# [YOUR INSTRUCTIONS]
Could you give again exactly, and only, the lines from the one holding "The lamp takes" through the end of the data, both ends included, with pictures left out?

# [TASK MATERIAL]
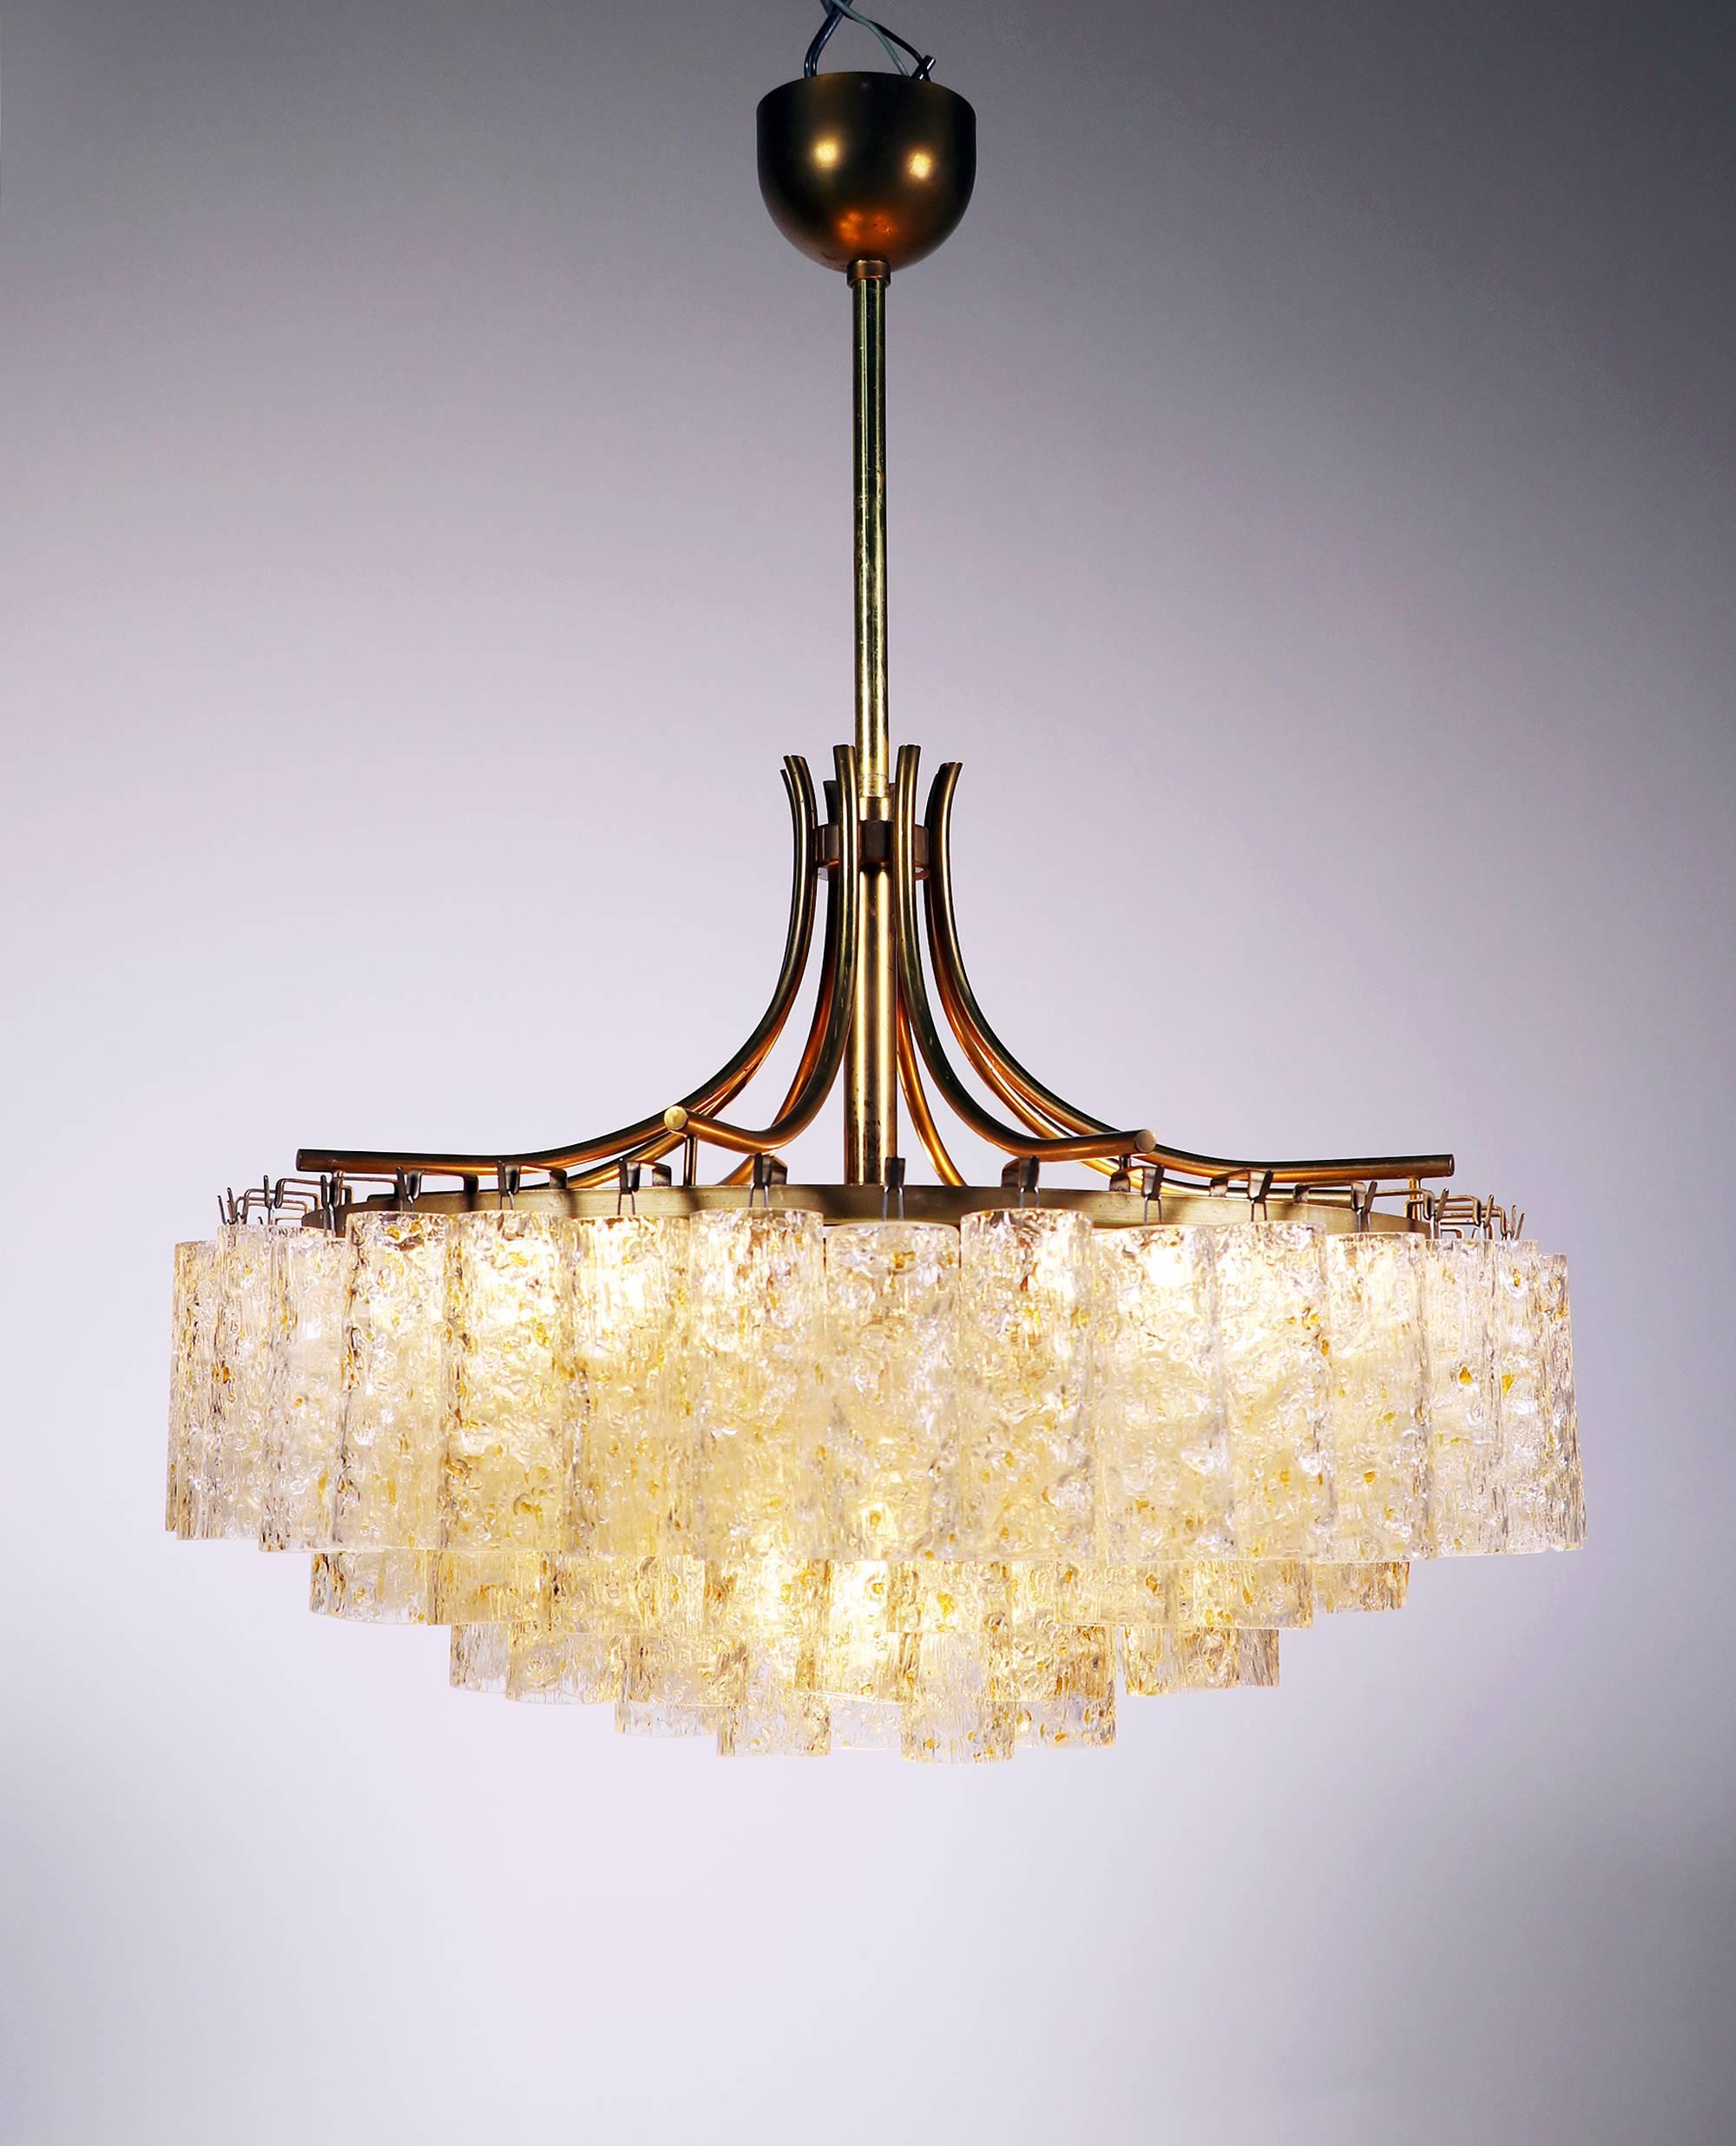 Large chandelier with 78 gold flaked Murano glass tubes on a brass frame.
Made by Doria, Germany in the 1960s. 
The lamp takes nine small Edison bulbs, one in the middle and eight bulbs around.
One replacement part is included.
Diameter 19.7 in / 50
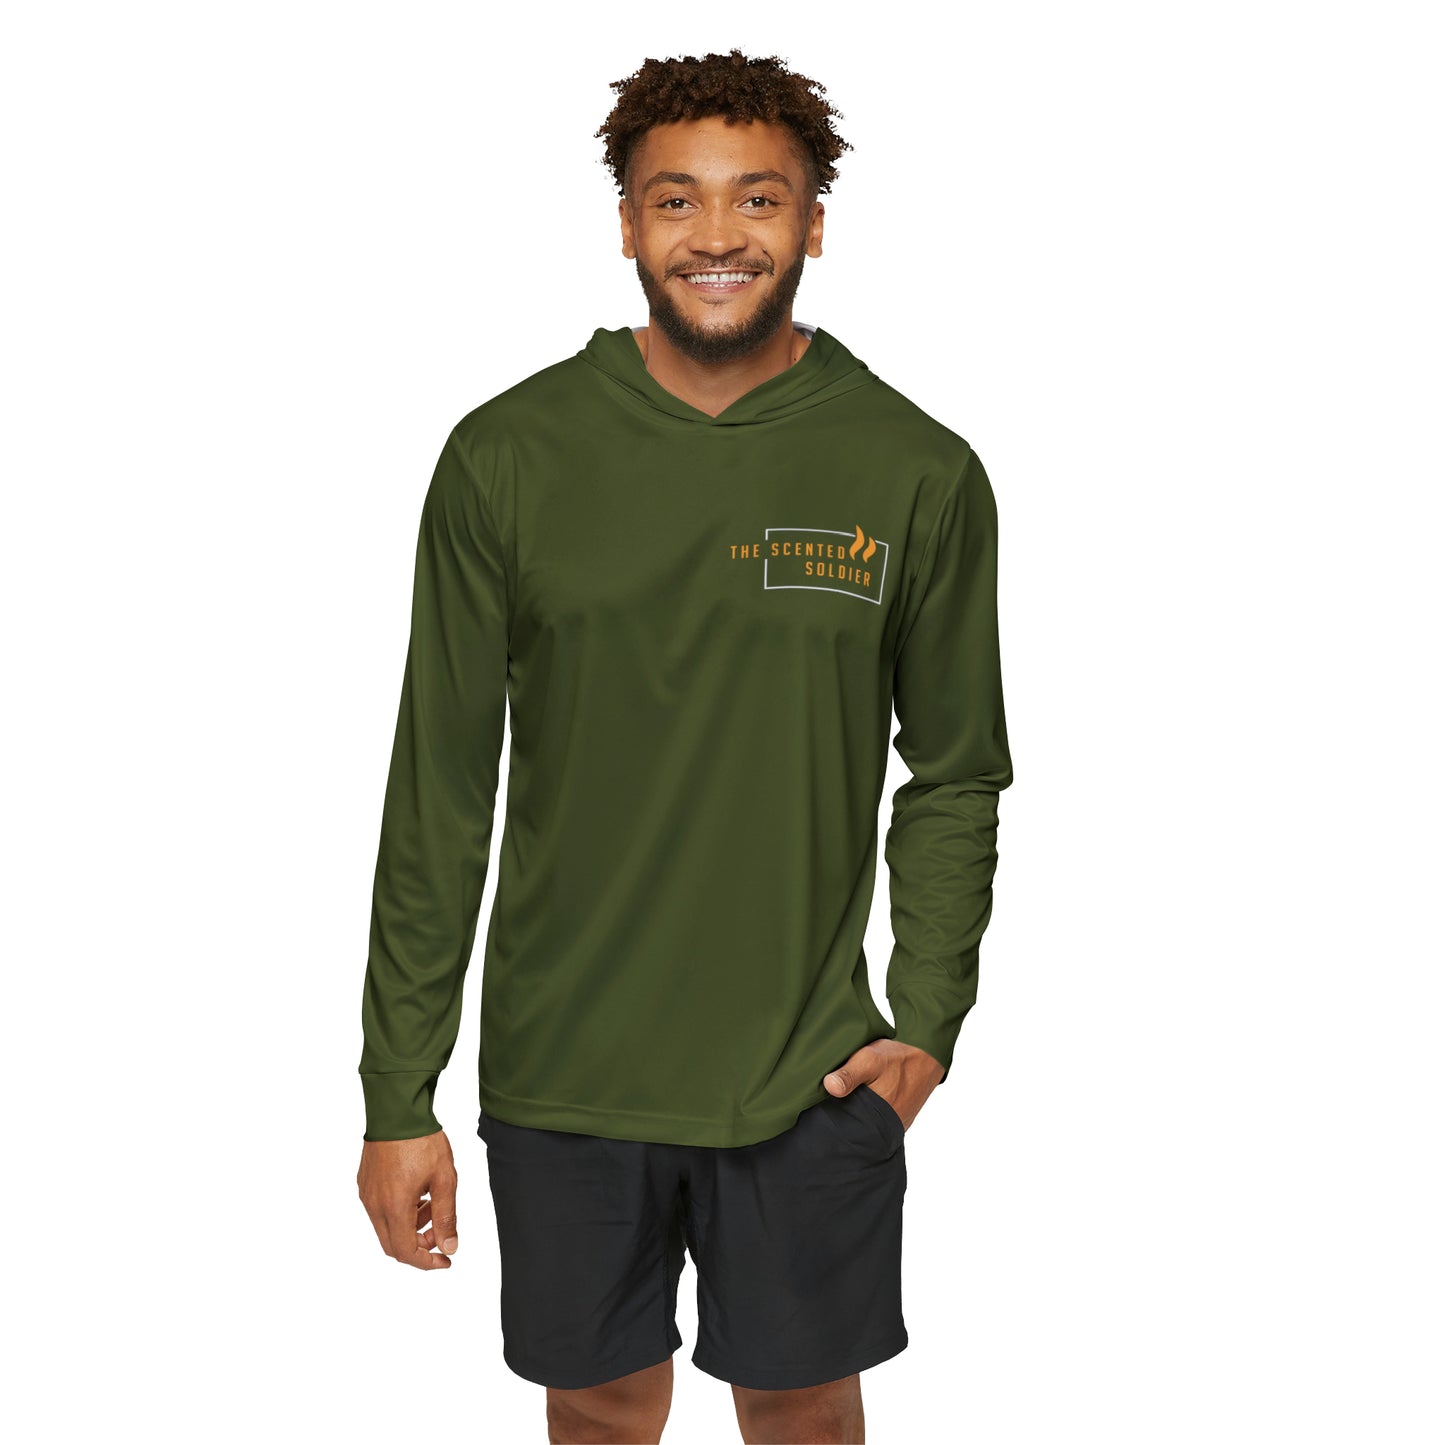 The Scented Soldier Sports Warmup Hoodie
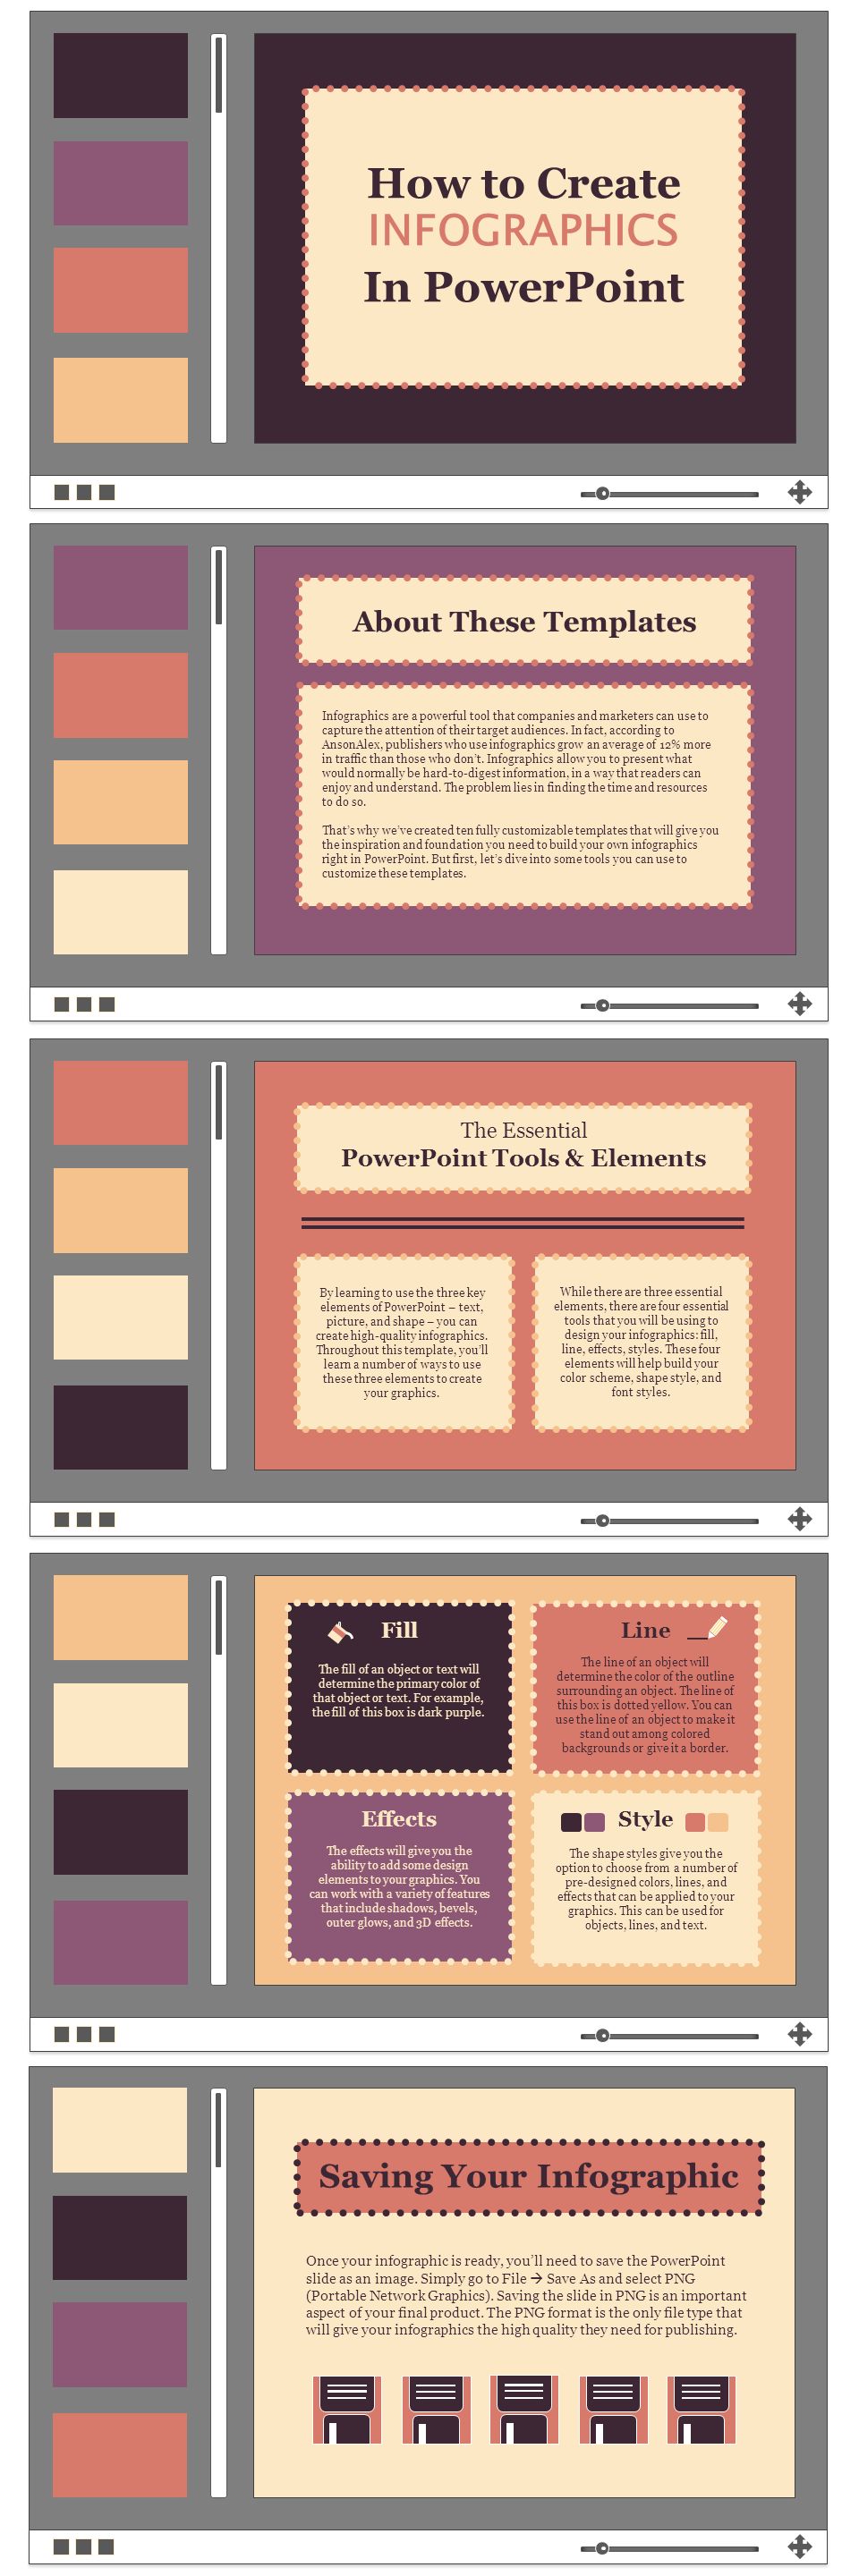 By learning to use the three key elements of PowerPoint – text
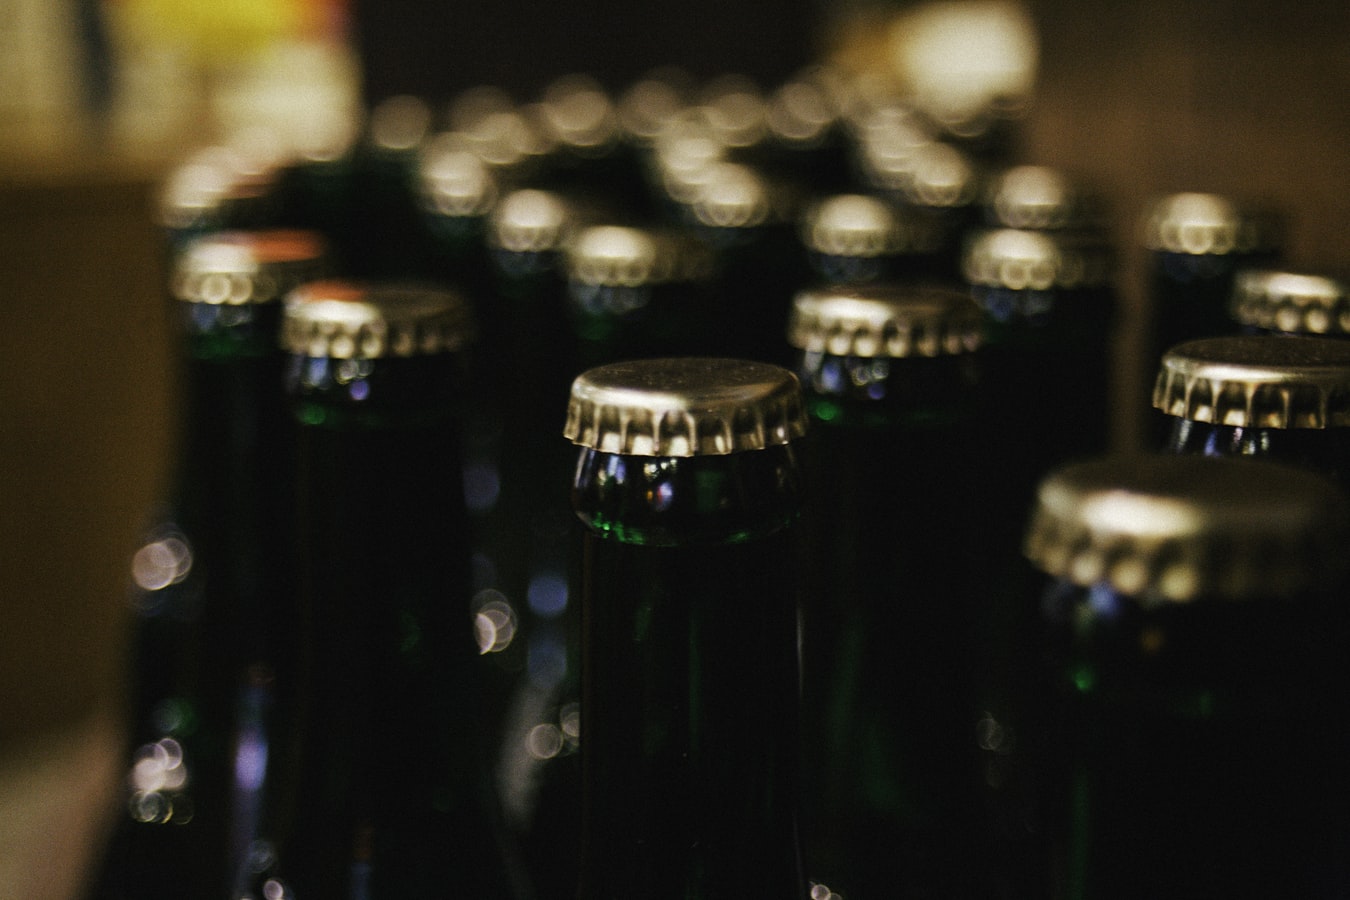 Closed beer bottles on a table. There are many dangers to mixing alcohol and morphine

# [EXERCISE ANSWER]
The lamp takes nine small Edison bulbs, one in the middle and eight bulbs around.
One replacement part is included.
Diameter 19.7 in / 50
 The Scented Soldier Sports Warmup Hoodie
 By learning to use the three key elements of PowerPoint – text
 Closed beer bottles on a table. There are many dangers to mixing alcohol and morphine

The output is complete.